In 1953, Enchi's novel Days of Hunger (ひもじい月日, Himojii Tsukihi) was received favorably by critics. Her novel is a violent, harrowing tale of family misfortune and physical and emotional deprivation, based partly on wartime personal experiences, and in 1954 won the Women's Literature Prize.
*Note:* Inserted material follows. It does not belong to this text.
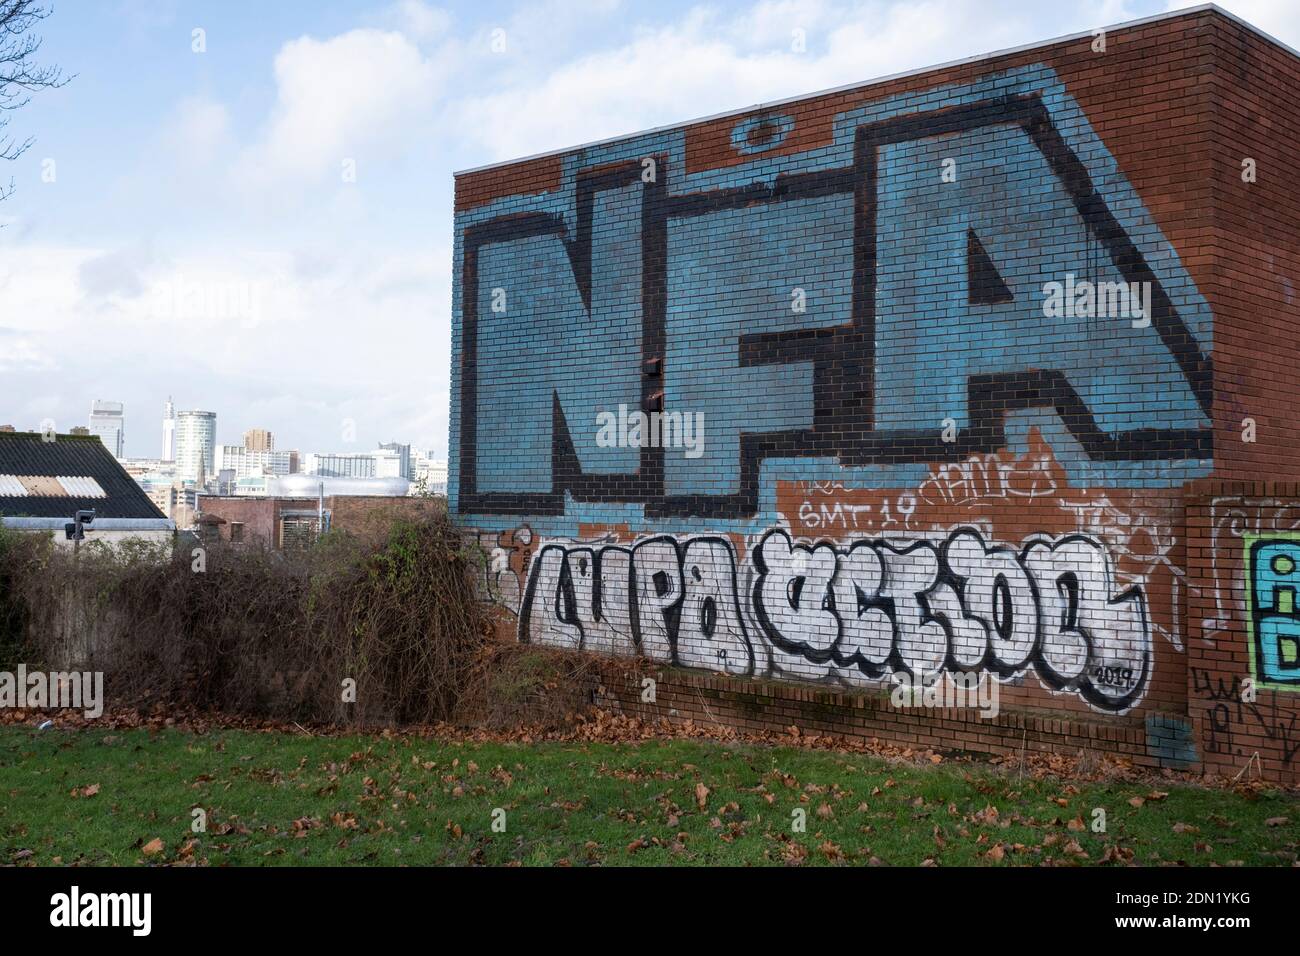 Large NFA graffiti crew letters sprayed on a wall in the inner city area of Highgate on 14th December 2020 in Birmingham, United Kingdom. This is a common signt in Birmingham, with the letters standing for expletive Not F-ing Around. Stock Photo

Enchi's next novel was also highly praised: The Waiting Years (女坂, Onna zaka) won the Noma Literary Prize. The novel is set in the Meiji period and analyzes the plight of women who have no alternative but to accept the role assigned to them in the patriarchal social order. The protagonist is the wife of a government official, who is humiliated when her husband not only takes concubines, but has them live under the same roof as both maids and as secondary wives.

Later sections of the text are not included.